En cuanto lo aceptó tan alegremente me entraron ganas de estrangularla. ¿Acaso no se daba cuenta de que estaba llena de dolor? ¿Es que es demasiado pedir que se dé cuenta de cuándo algo va mal? ¿Por qué nunca se acerca a mí? ¿Por qué tengo que optar por venirme abajo delante de ella cada vez que necesito que me consuele? Bueno, pues esta vez no. Yo también podía hacerme la guerrera dura. Así que en lugar de verbalizar mi dolor, recogí mis cosas y me adentré en la noche.

Cuando encontré un lugar adecuado, instalé el campamento inmediatamente. Me sorprendió lo fácil que era. Xena y yo siempre habíamos trabajado por igual a la hora de acampar. Yo siempre había creído que era un trabajo de dos, pero me las había arreglado perfectamente yo sola.
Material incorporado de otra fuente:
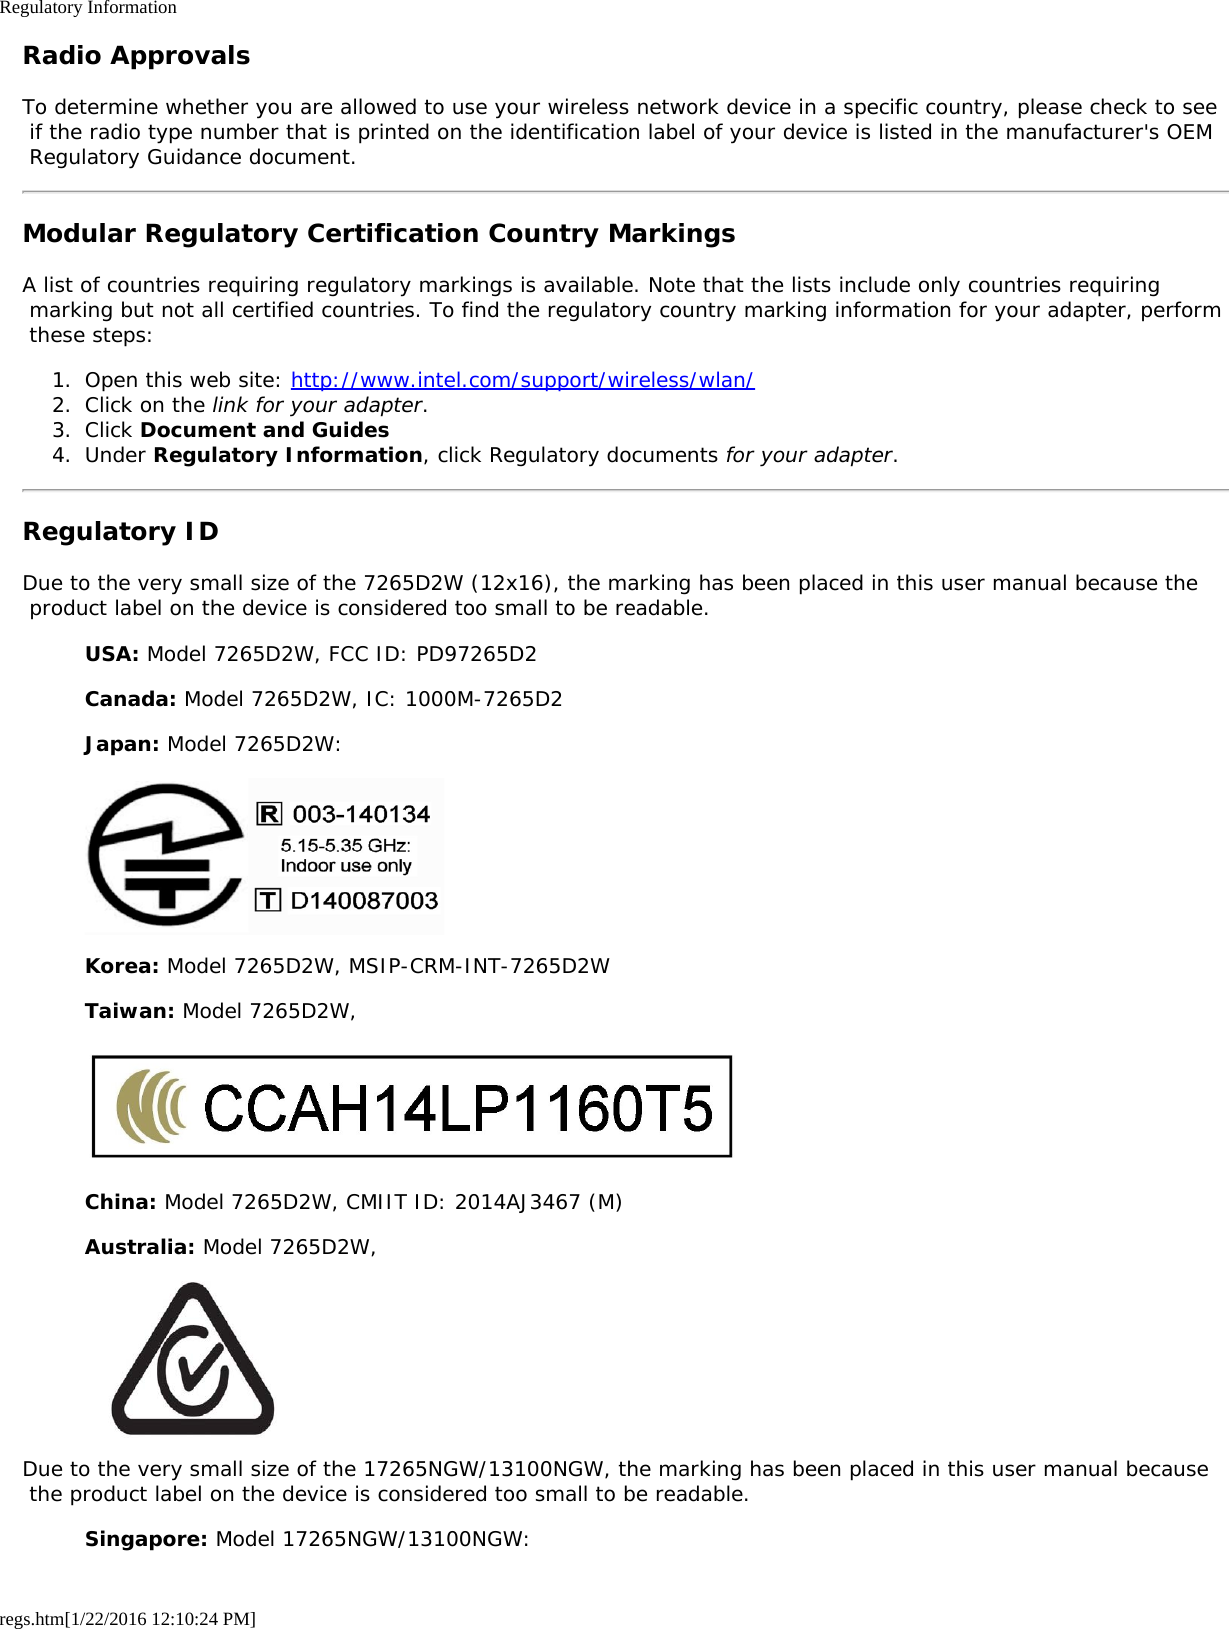 Regulatory Informationregs.htm[1/22/2016 12:10:24 PM]Radio ApprovalsTo determine whether you are allowed to use your wireless network device in a specific country, please check to see if the radio type number that is printed on the identification label of your device is listed in the manufacturer&apos;s OEM Regulatory Guidance document.Modular Regulatory Certification Country MarkingsA list of countries requiring regulatory markings is available. Note that the lists include only countries requiring marking but not all certified countries. To find the regulatory country marking information for your adapter, perform these steps:1.  Open this web site: http://www.intel.com/support/wireless/wlan/2.  Click on the link for your adapter.3.  Click Document and Guides4.  Under Regulatory Information, click Regulatory documents for your adapter.Regulatory IDDue to the very small size of the 7265D2W (12x16), the marking has been placed in this user manual because the product label on the device is considered too small to be readable.USA: Model 7265D2W, FCC ID: PD97265D2Canada: Model 7265D2W, IC: 1000M-7265D2Japan: Model 7265D2W:Korea: Model 7265D2W, MSIP-CRM-INT-7265D2WTaiwan: Model 7265D2W,China: Model 7265D2W, CMIIT ID: 2014AJ3467 (M)Australia: Model 7265D2W,Due to the very small size of the 17265NGW/13100NGW, the marking has been placed in this user manual because the product label on the device is considered too small to be readable.Singapore: Model 17265NGW/13100NGW:

Tras acomodarme, saqué mis pergaminos para intentar escribir, pero fue en vano. Una vez a solas con mis pensamientos, no hubo manera de eludirlos. En lugar de recordar nuestras últimas aventuras y registrarlas, sólo conseguía imágenes de mi pasado dolor. Ya sé que los recuerdos siempre te alcanzan cuando menos te lo esperas, y ésta no era la primera vez que me ocurría. A veces recuerdo cosas que he jurado haber dejado atrás, pero Xena siempre ha estado ahí para hablarlo con ella. A fin de cuentas, nadie conoce el pesar mejor que Xena. Pero esta vez no me parecía que pudiera acudir a ella.
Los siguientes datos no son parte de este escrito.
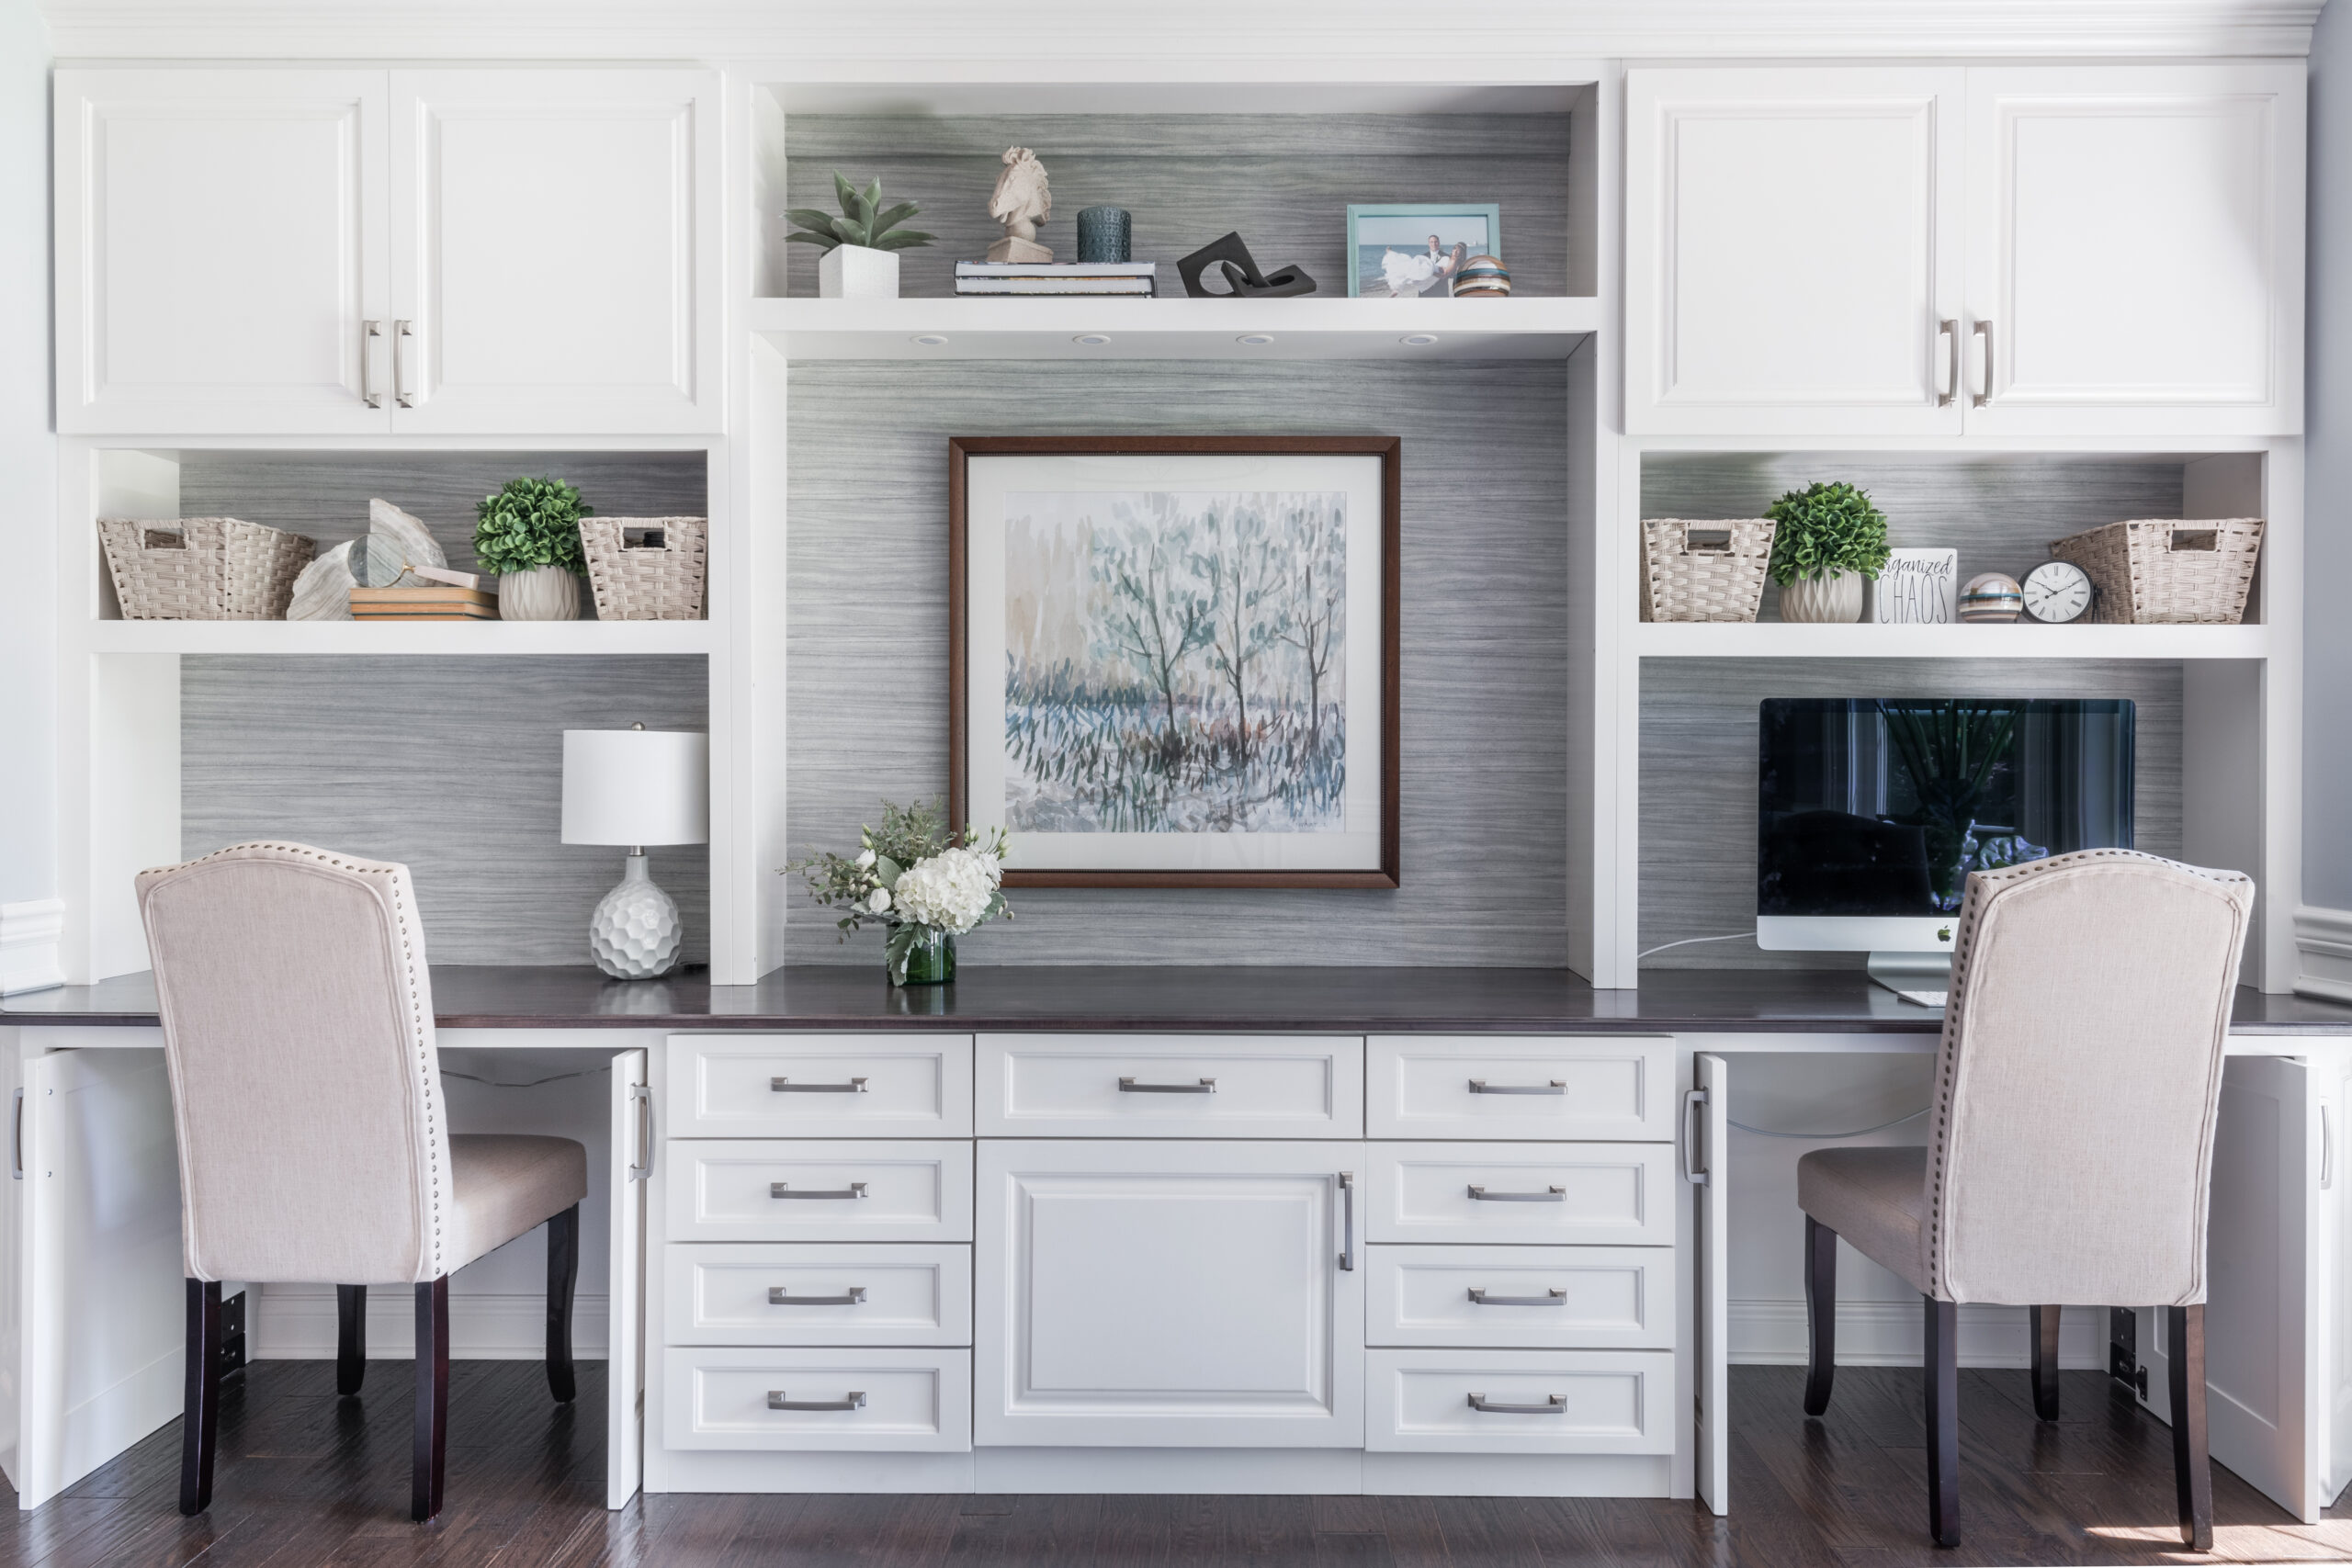 Home office with built-in white custom cabinetry, two desk areas with chairs.

Con los años nuestra relación se ha reequilibrado de una forma rara. Hace años ella era la que se ocupaba del aspecto físico de las cosas, mientras que yo utilizaba mi habilidad con las palabras para salir de las situaciones que eran más... delicadas. Pero desde entonces me he convertido en guerrera por derecho propio, y la comunicación ha sido escasa por ambas partes. Es como si ya no estuviéramos metidas en esta intensa relación; es más como si fuésemos socias.
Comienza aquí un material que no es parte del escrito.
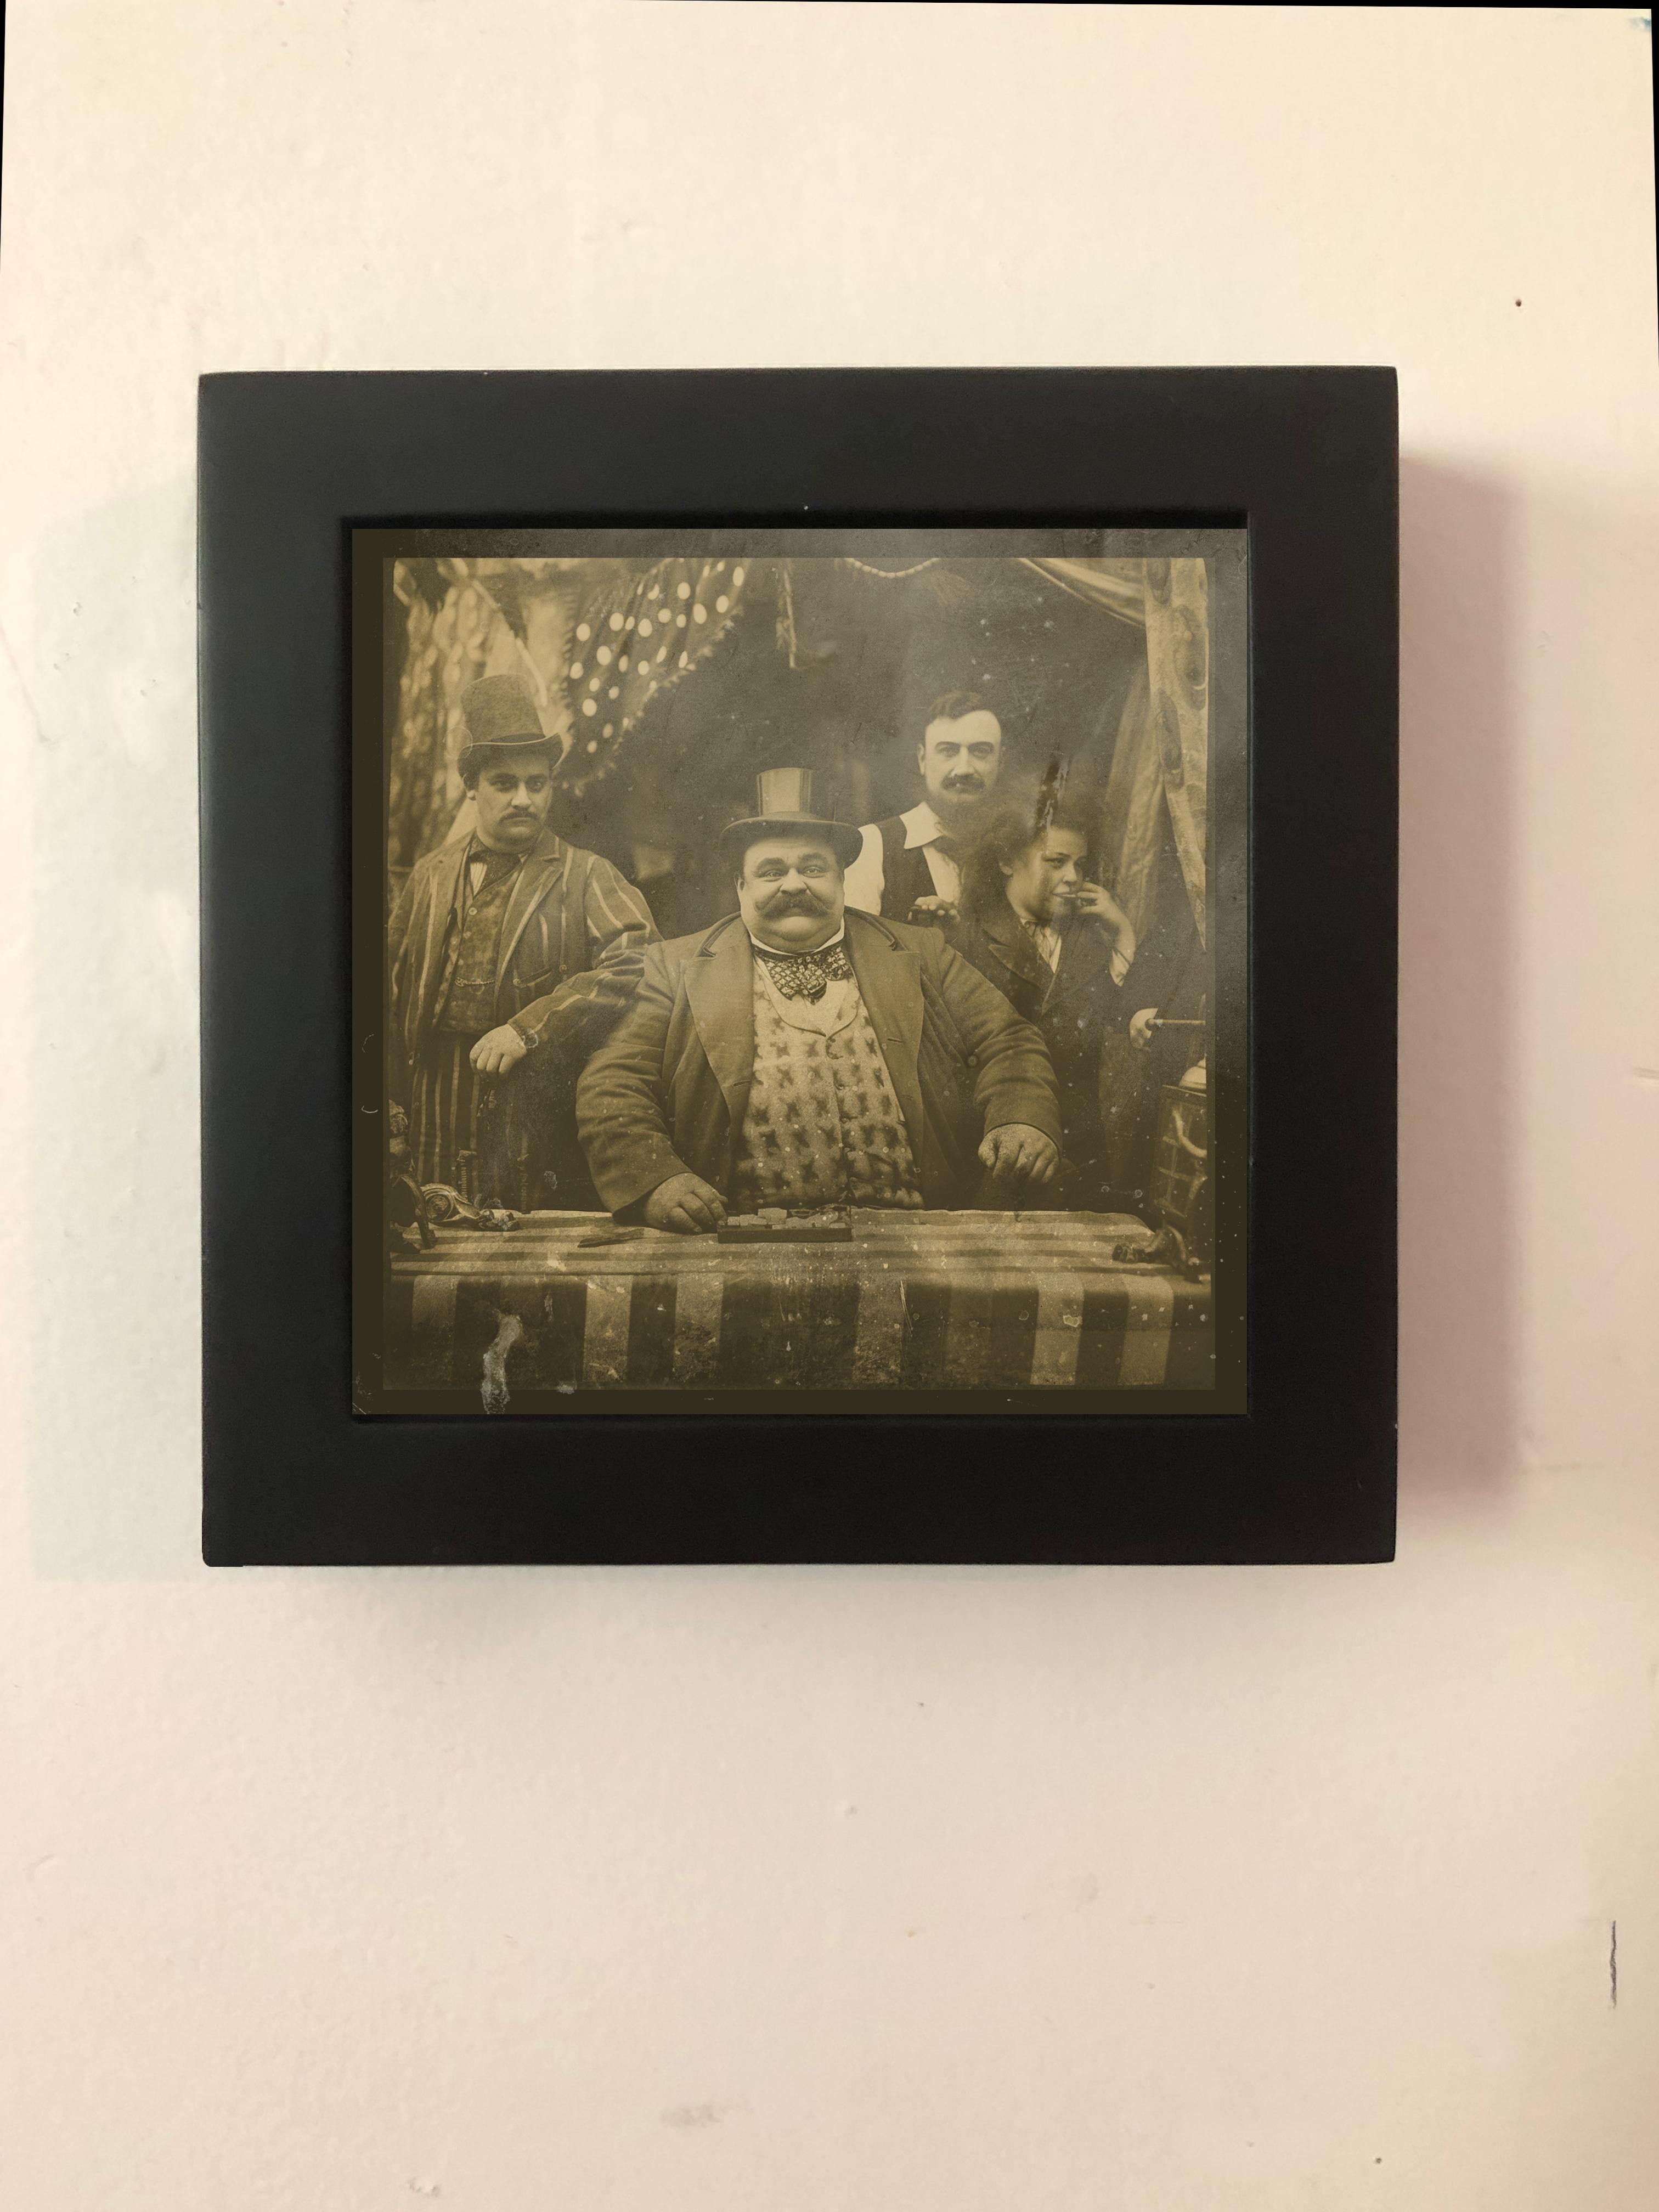 Game of Chance - Circus Series,  daguerreotype reproduction - Photograph by FPA Francis Pavy Artist

Era esta sensación de que Xena se había transformado en una socia de negocios lo que me hacía sentir que debía ocuparme yo sola de esto, pero no me estaba funcionando muy bien. No tenía modo de superar el dolor. Lo único que podía hacer era quedarme ahí sentada y sentir un recuerdo tras otro seguido de un ataque de náuseas. No encontraba el modo de romper el círculo. Me puse a dar vueltas de un lado a otro. Mientras caminaba enérgicamente de acá para allá sentí que mi cuerpo era presa de una fiebre. Aunque tenía el cuerpo ardiente, empecé a temblar. Los temblores de mi cuerpo me daban aún más náuseas y traté de parar a base de fuerza de voluntad, pero no pude. Empecé a desear que ocurriera algo, cualquier cosa que me apartara de mis pensamientos. Estaba todo demasiado silencioso. No lograba pensar con tanto silencio.

Y fue entonces, justo cuando ya no podía más y estaba a punto de llamarla a gritos, cuando noté un brazo fuerte que me rodeaba la cintura. Levanté la mirada y me encontré con un par de ojos azules llenos de preocupación. Y en ese momento mi silencio se rompió.